My first thought is to first load data from S3 to a temporary table, apply the necessary transformations and then INSERT INTO target, final table. All the tables would have the same columns and are in Redshift.

However, how big of a performance hit would there be because of using multiple UPDATEs? Would it be better to split UPDATEs and filtering between multiple temporary tables for daily batch processing.

Instead of S3 -> TEMP -> FINAL, the flow would look like S3 -> TEMP1 -> ... -> TEMPN - > FINAL, where "->" would be "INSERT INTO".
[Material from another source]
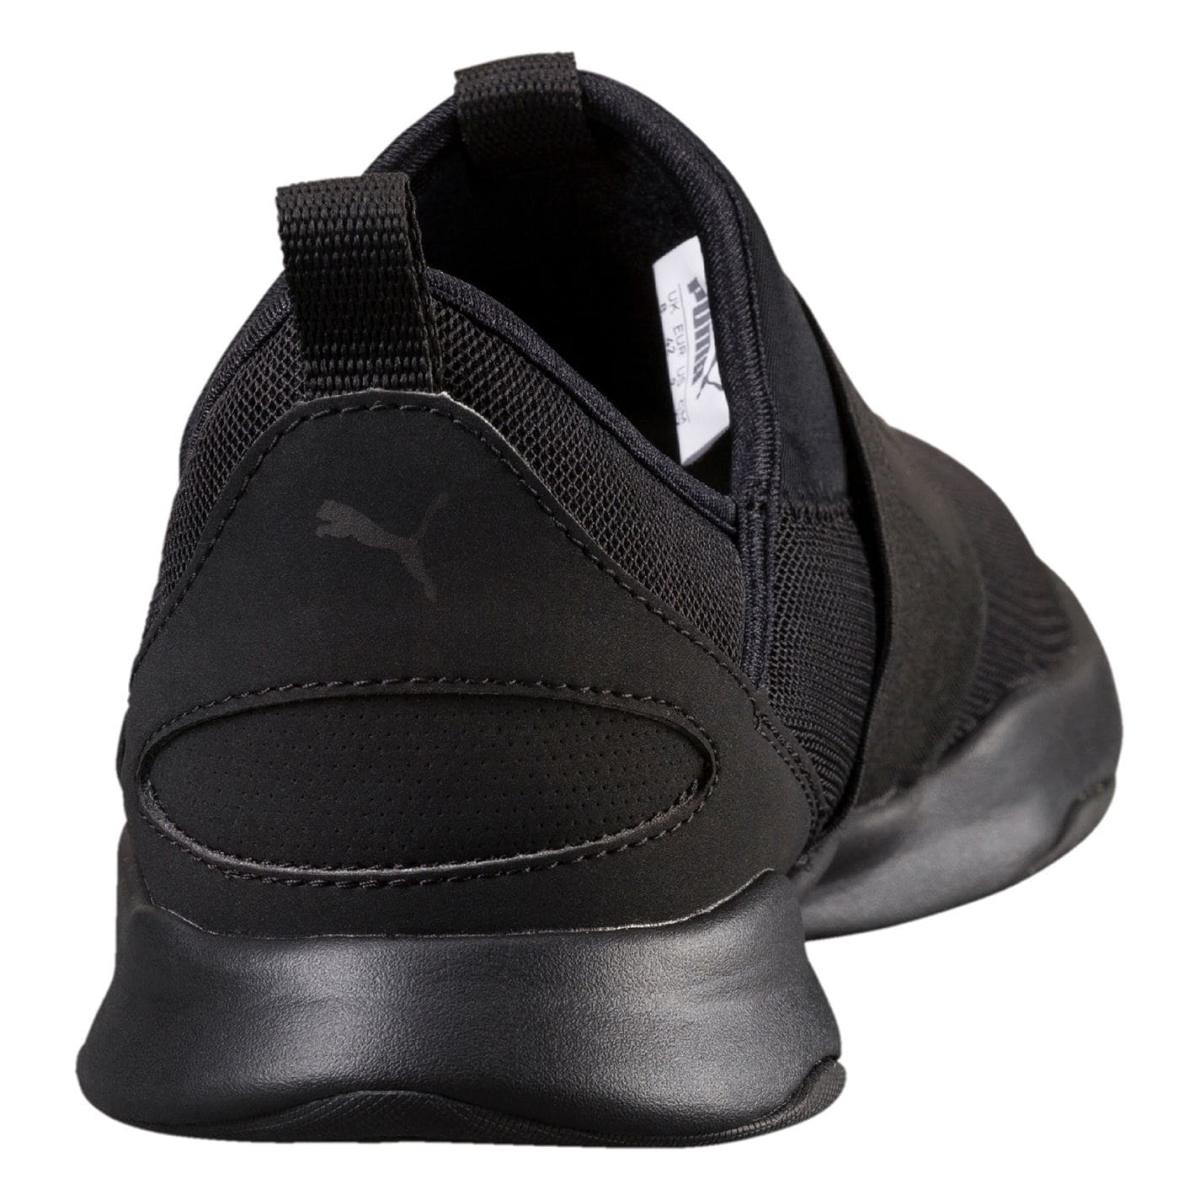 Puma-Dare-Turnschuhe-Laufschuhe-Damen-Sneaker-Trainers-Sportschuhe-5890 Indexbild 6
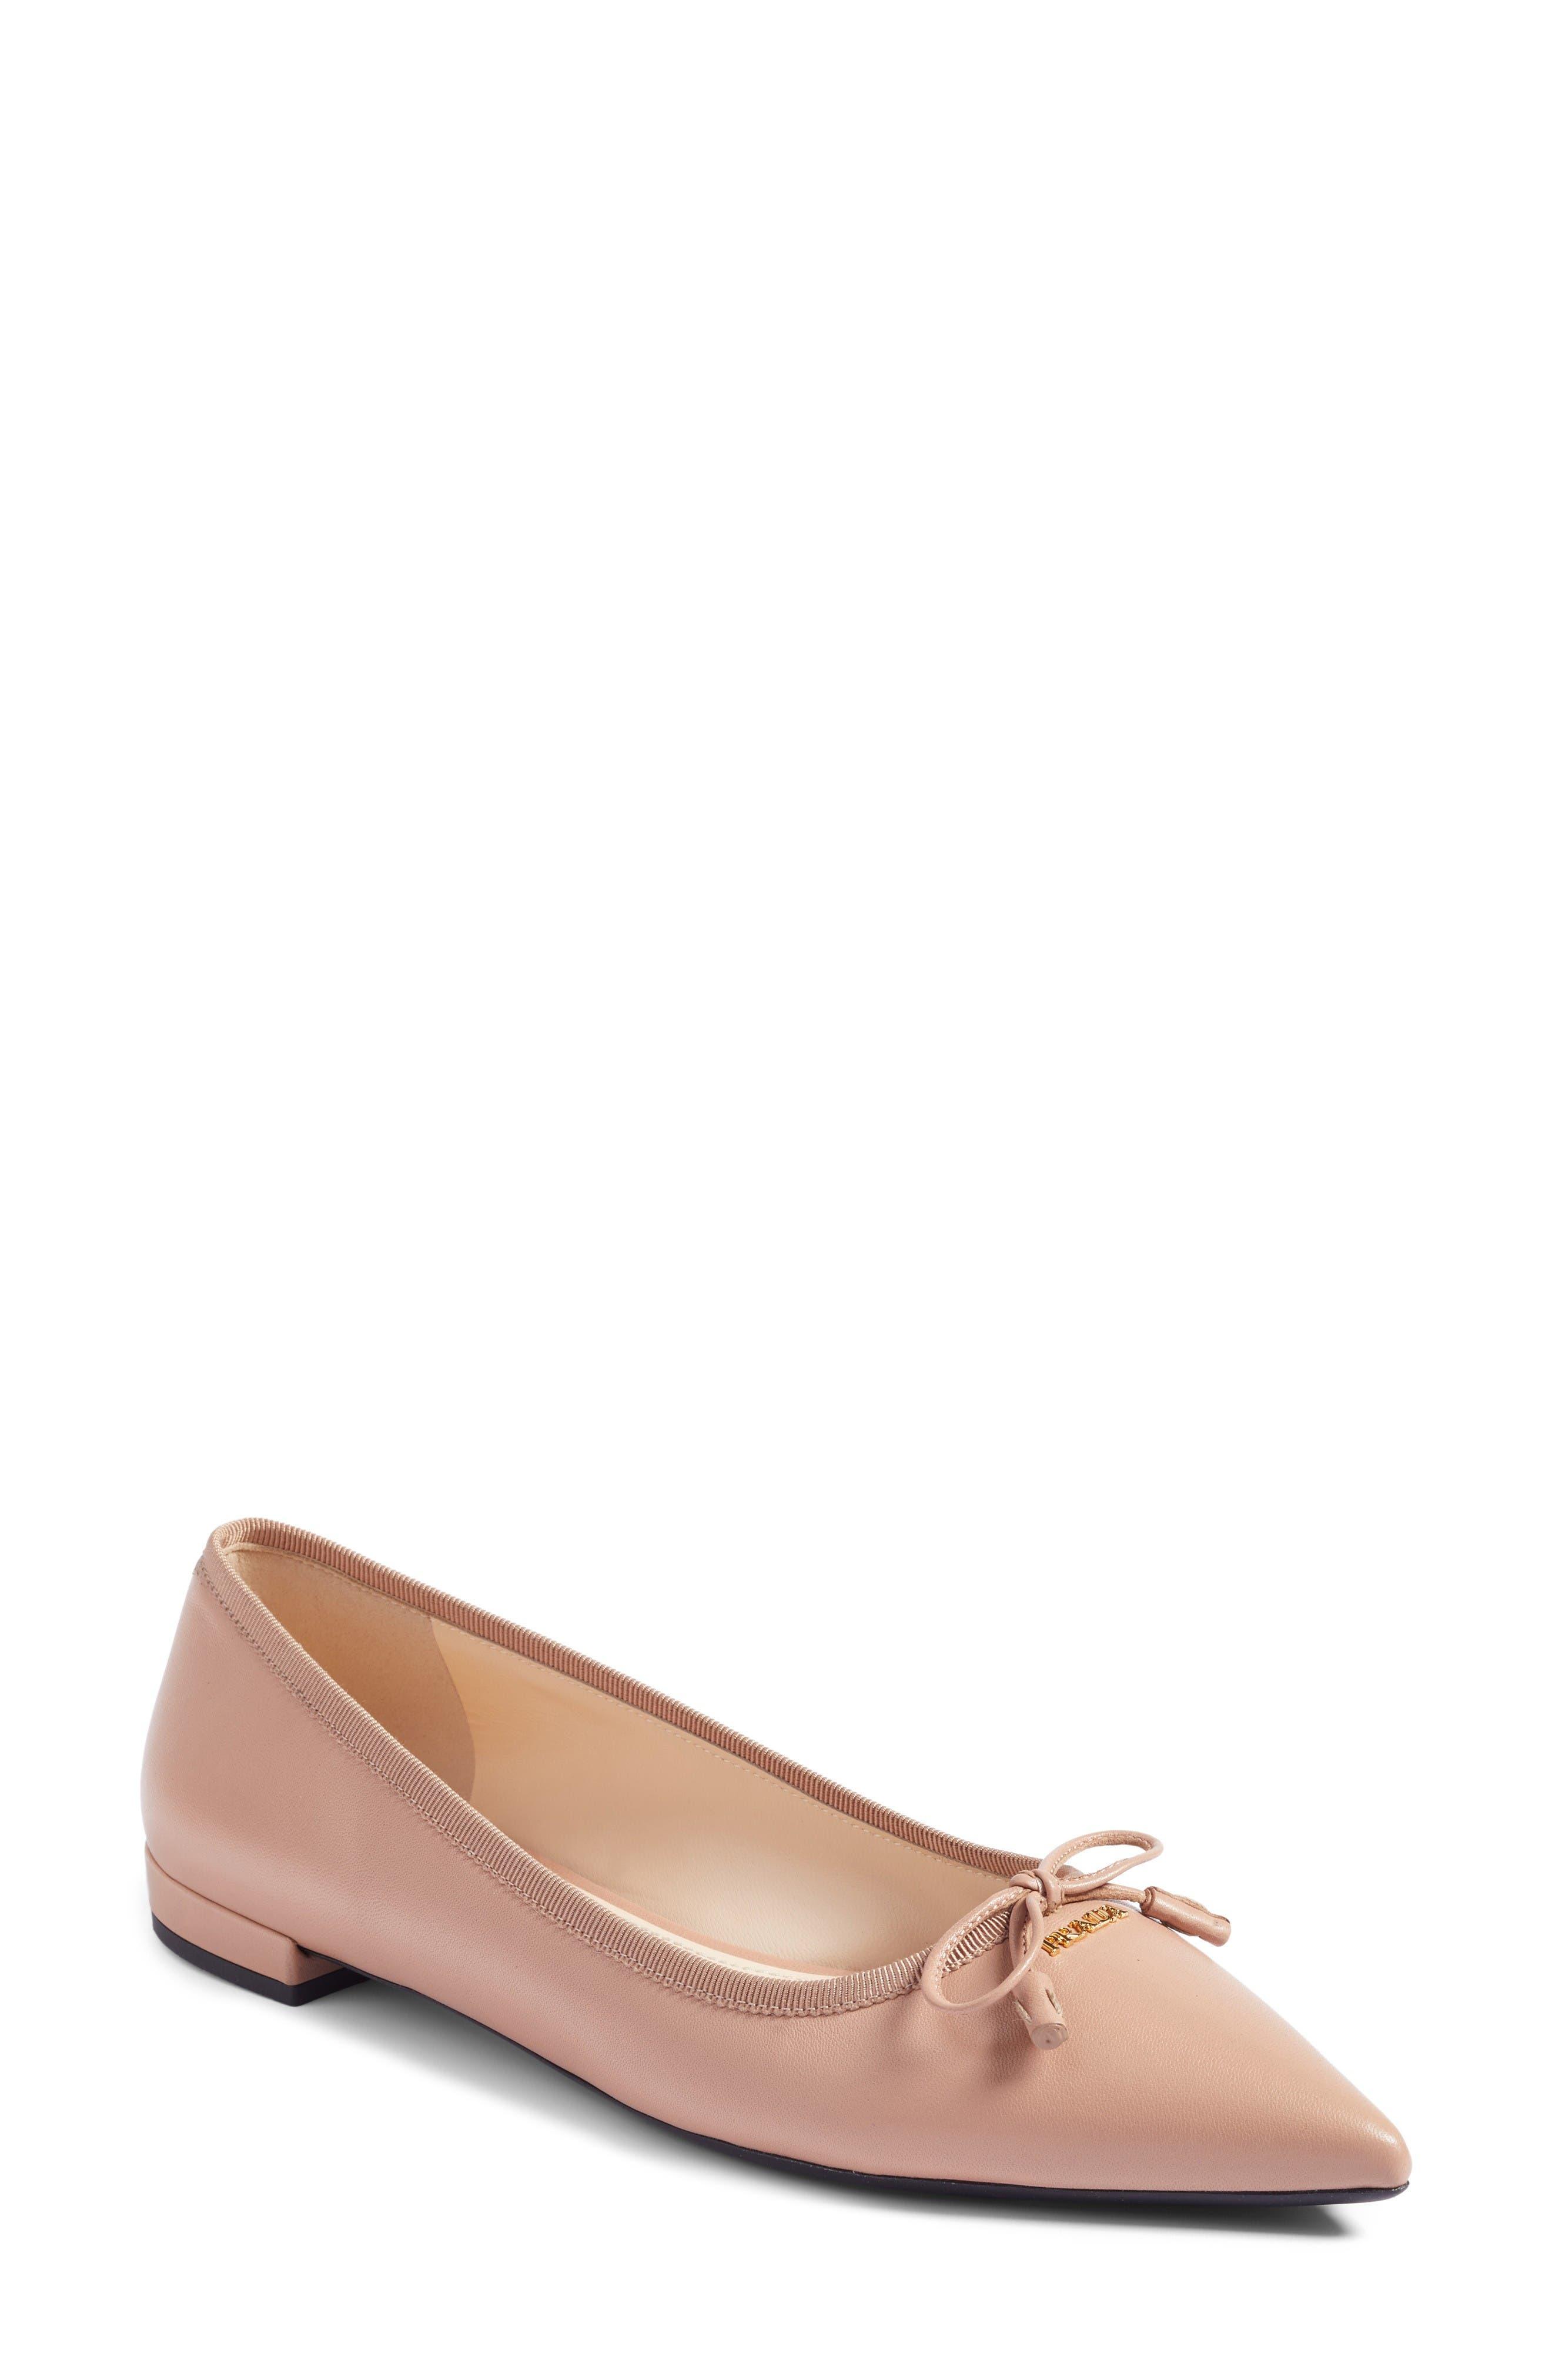 868760f328 Women s Prada Shoes

Also, is it better to create temporary tables (CREATE TEMP TABLE) on the spot and dropping them every day, or use persisting temporary tables that would be truncated every day. I think using persisting temp tables would be the better choice as it allows me to check how the data looked as it was loaded and transformed that day.


Solution

  • As you are seeing there are lots of ways to run an update process and which is better will depend on factors that are not presented here. First off let's clarify what a TEMP table is and differentiate it from a staging table. A temp table only lives as long as the current session (connection) is active. If the connection drops then so does the TEMP table. A staging table is a permanent table used for staging data which more closely matches what you are describing you parts of your question. I'll use these two terms to be clear about which is being made (TEMP or staging).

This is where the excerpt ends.